* Task details
Could you retype exactly the lines below between the one holding "[스압] 24년전 위암 말기 상태로 금메달 따냈던 한국선수" and the one holding "Jacksonville Jaguars Hats", inclusive, leaving out any pictures?

* Data for processing
★ ★ ★ ★ ★ ★ ★

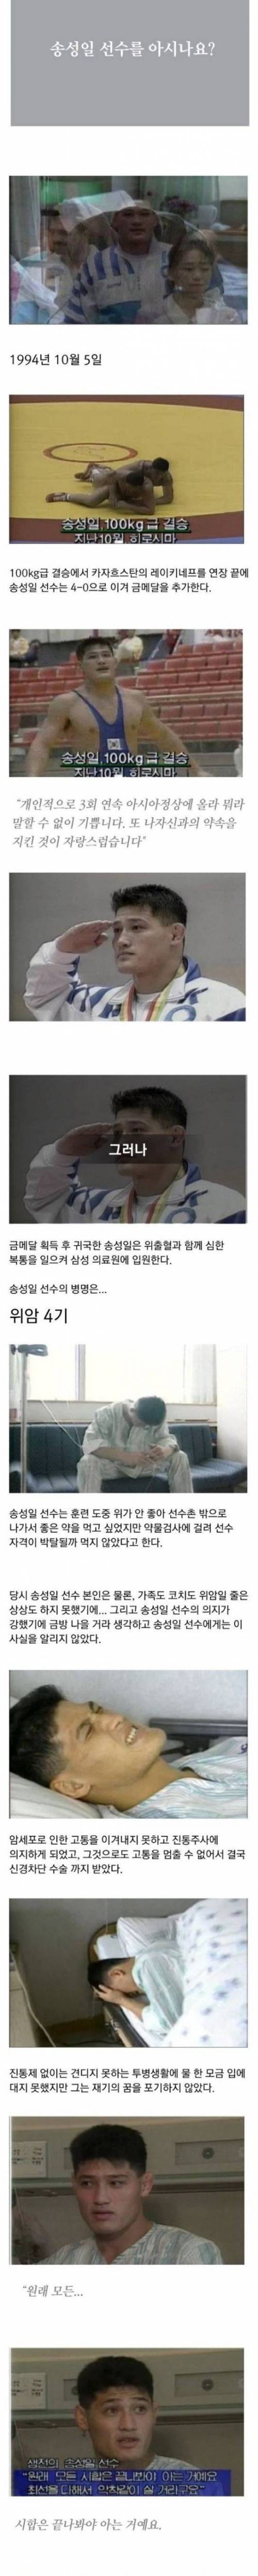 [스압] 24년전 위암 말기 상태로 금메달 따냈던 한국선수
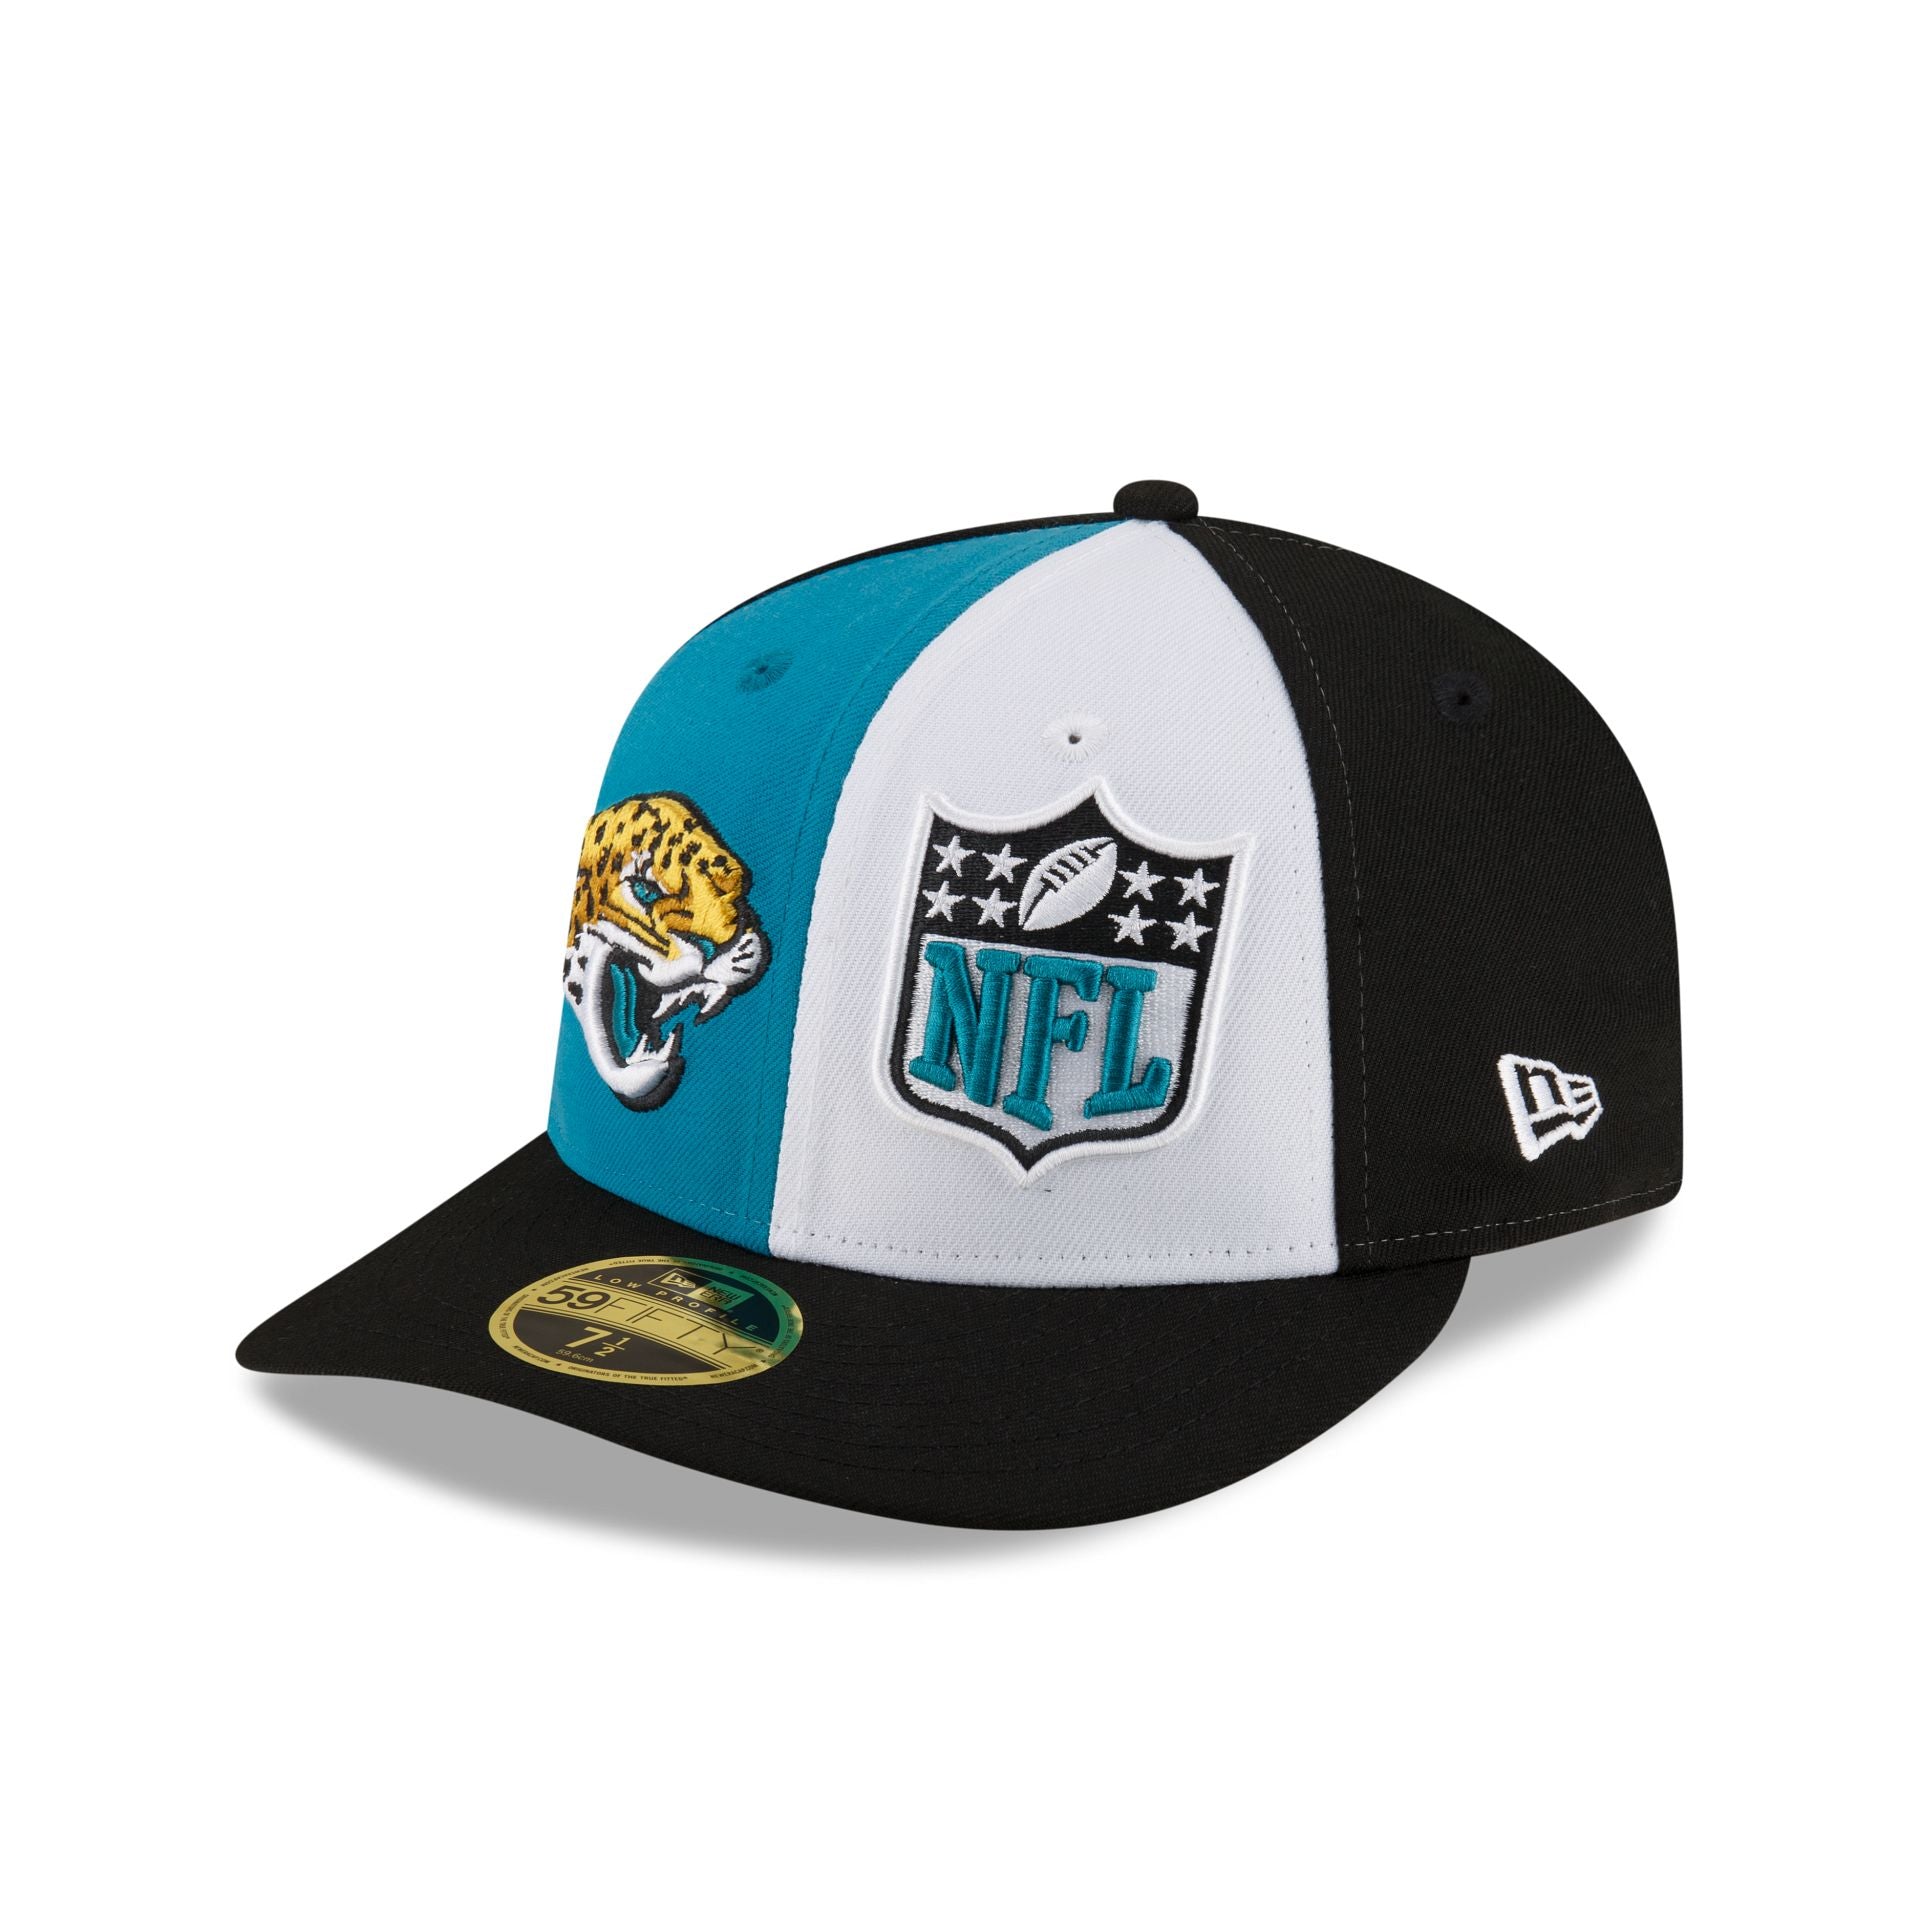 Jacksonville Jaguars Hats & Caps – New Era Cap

★ ★ ★ ★ ★ ★ ★

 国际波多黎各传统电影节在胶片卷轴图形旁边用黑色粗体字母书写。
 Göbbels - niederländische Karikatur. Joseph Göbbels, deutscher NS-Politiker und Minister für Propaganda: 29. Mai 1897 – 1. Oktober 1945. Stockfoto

★ ★ ★ ★ ★ ★ ★

* Response for this exercise
 [스압] 24년전 위암 말기 상태로 금메달 따냈던 한국선수
 Jacksonville Jaguars Hats & Caps – New Era Cap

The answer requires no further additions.